The Words of the Tardy Family

French TV Chronicles the Rise of Modern South Korea and the Unification Church

Celine Tardy
January 14 2011

French state run broadcast 2TV has aired a New Year's Special Documentary on January 3rd titled, "An Eye On The Planet: South Korea" which also gave respectful coverage of the Unification Church in Korea. The documentary chiefly explored South Korea's rapid economic growth, South and North Korea's conflicts, various religions in S.K., Korean dramas and music gaining vast popularity in Asia.

The documentary reported that South Korea, the "hidden power," has been rising continuously in Asia, even though media coverage tends to focus only on its conflict with North Korea.

"Its industry is powerful," the narrator remarked in an introduction to its documentary: "Its global brands are known, its education system is one of the most efficient, and its economy has unflappable growth: more than 8% per year for thirty years!"
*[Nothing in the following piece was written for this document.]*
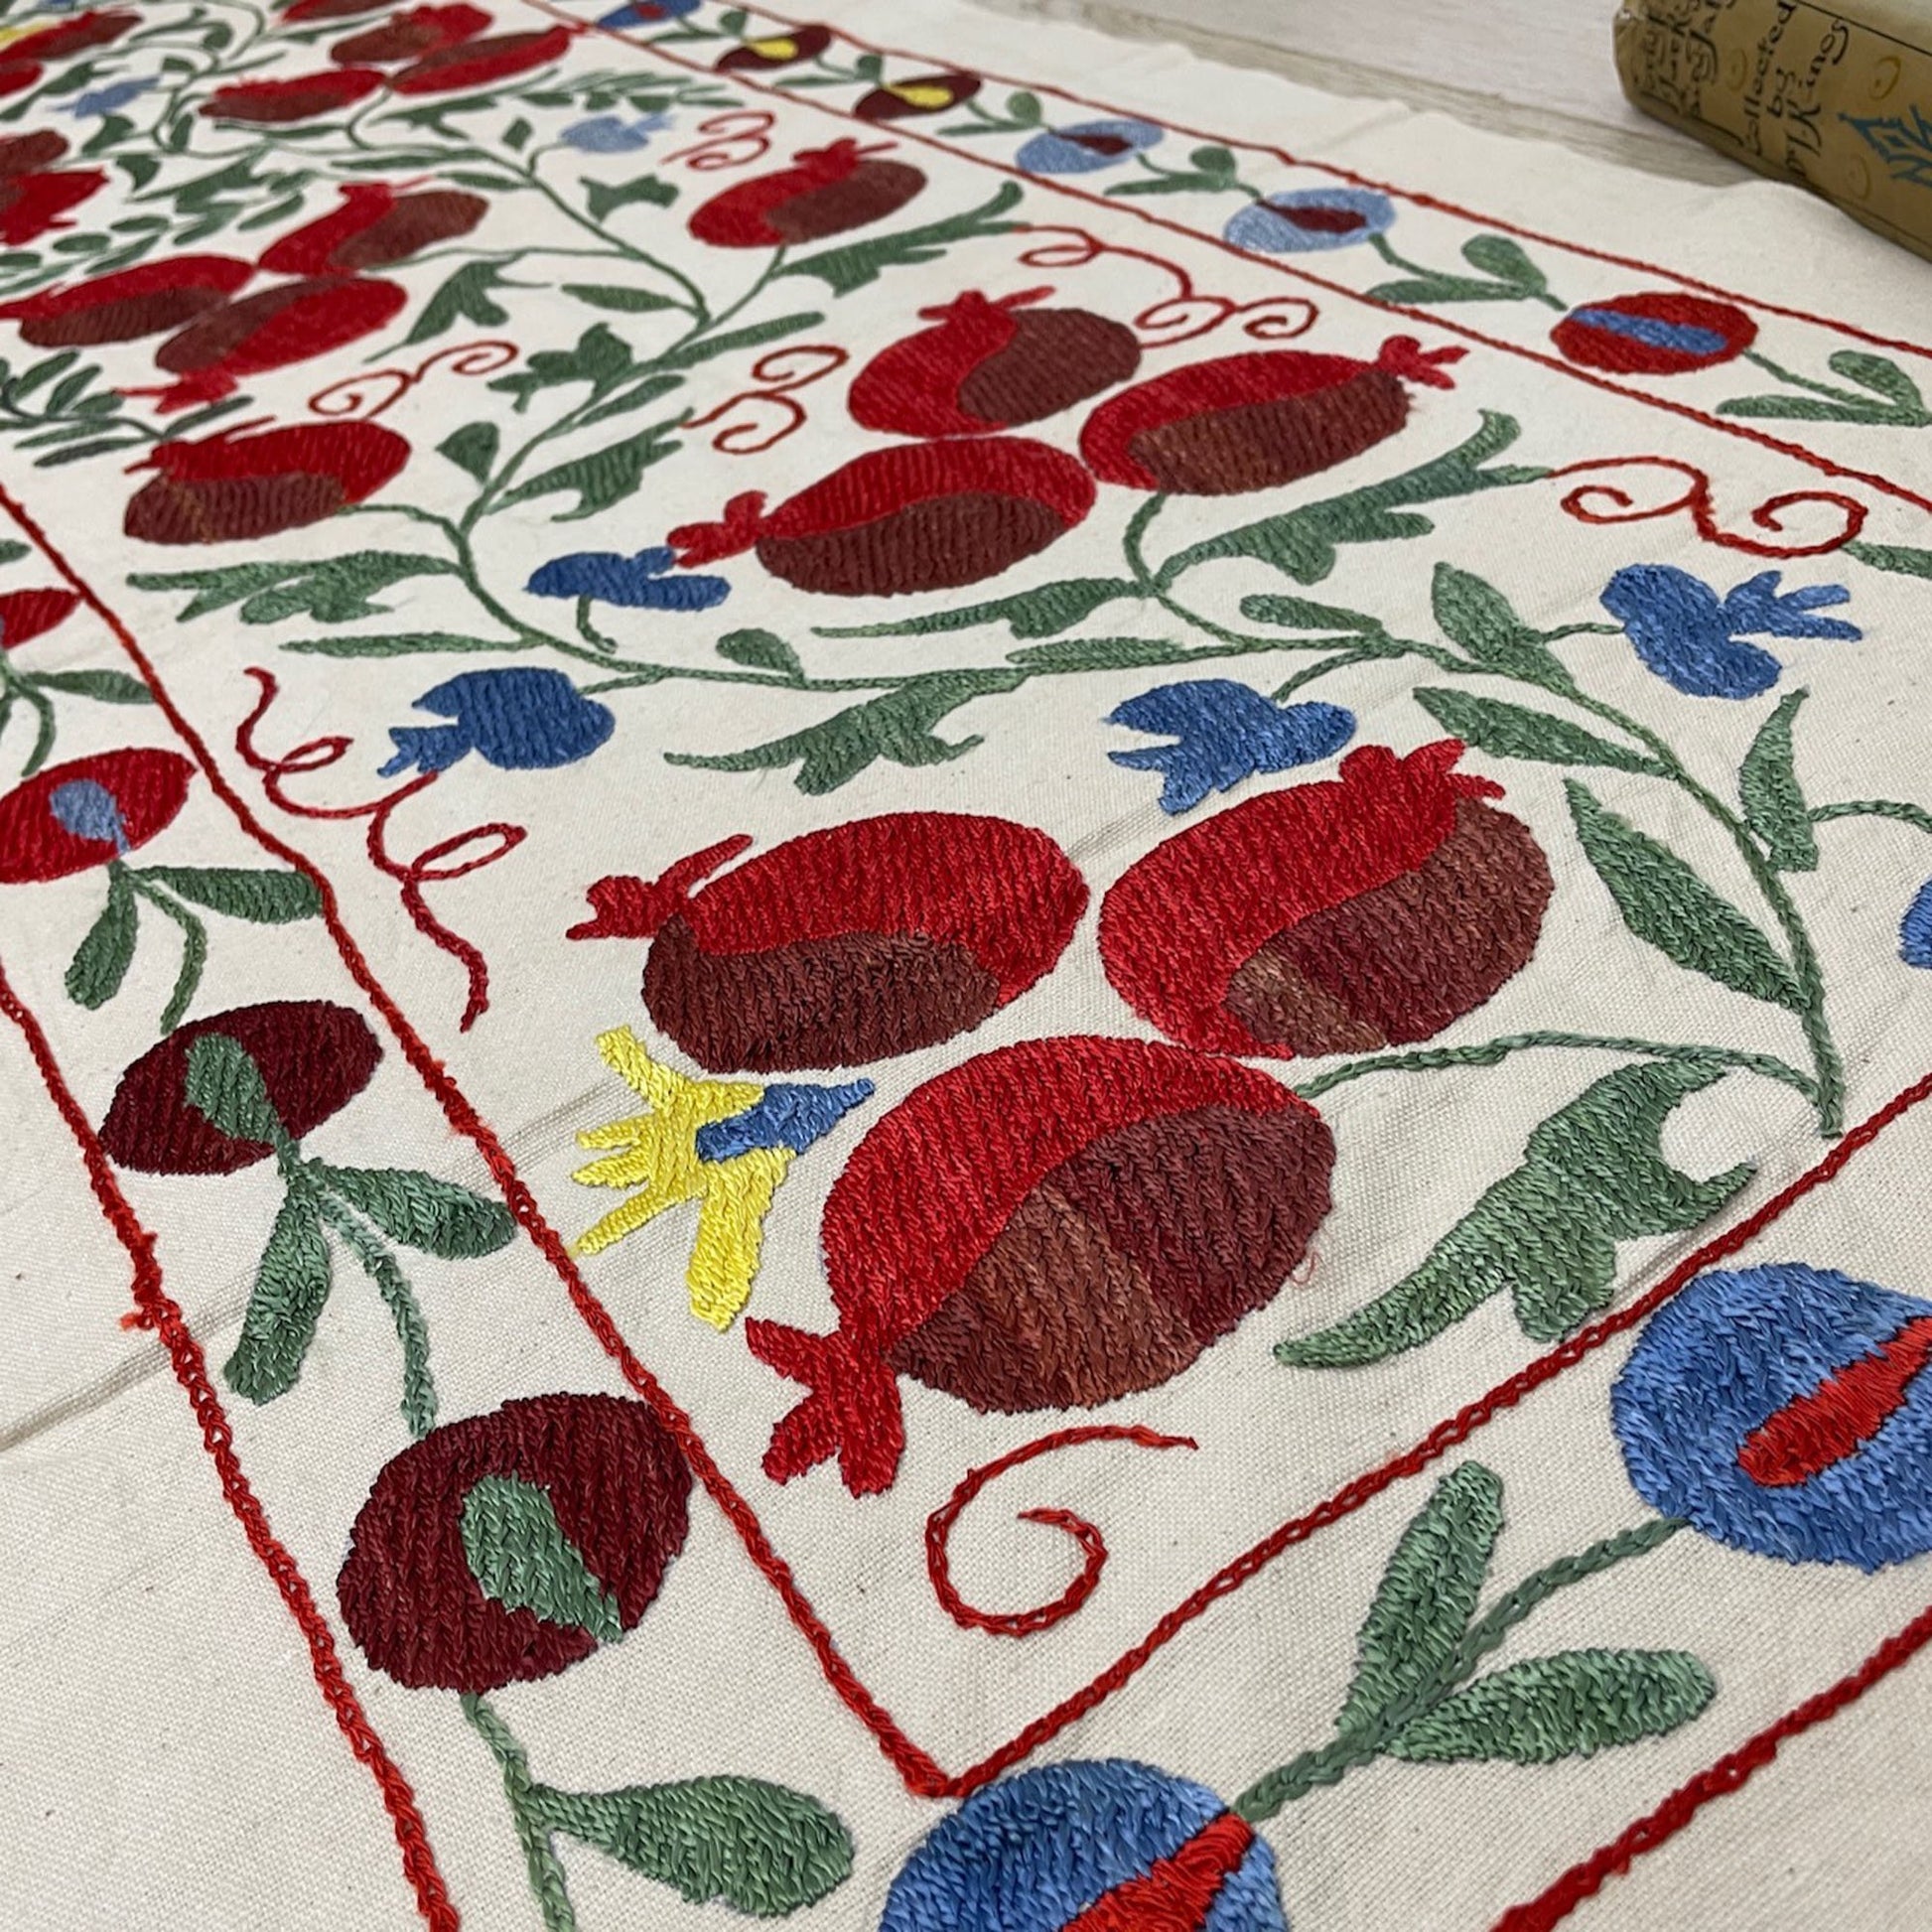 Uzbeki Suzani Hand Embroidered Textile Wall Hanging | Home Décor | Runner | 50cm x 178cm SUZ1205013 - Wildash London

An Eye on the Planet adds that it is no coincidence that the European Union has signed a historical trade agreement with South Korea. "South Korea is already the fourth largest trading partner of the European Union and the country's economic rise is coupled with a political ambition."

In the section of the documentary focused on religions, which included Buddhists and Protestants, the Unification Church's founder Rev. Sun Myung Moon is shown in a segment presenting a mass-wedding Blessing ceremony held in Korea on October 2009, which consecrated more than 10,000 international marriages. With the music of "Hallelujah" playing in the background, the documentary explains that "Rev. Moon has created his own religion, The Unification Church, better known in France today as the "Sect Moon."

The headquarters of the Unification Church in Seoul is shown, where reporters interviewed Mr. Justin Kook-Jin Moon, the fourth son of Rev. Sun Myung Moon, and current chairman of the Unification Church Foundation in Korea.

"Bonjour, my name is Justin Moon," Moon greets, giving reporters a tour of the headquarters, pointing to the display of the church logo, the planning department, and explaining about management. The documentary notes that Justin Moon has graduated from universities in the United States, and describes him as a savvy business man who compares his church to a corporation.

In the interview, Moon explains "Because of religious freedom, even if we are a new religion, and there are many established churches, we have been able to conduct our activities freely."

Justin Moon says that "Naturally, established churches do not always like the new growing religions who witness to their members. It creates a certain level of competition. However, it is this free exchange of ideas which allows the whole society to make progress and to be more understanding toward others."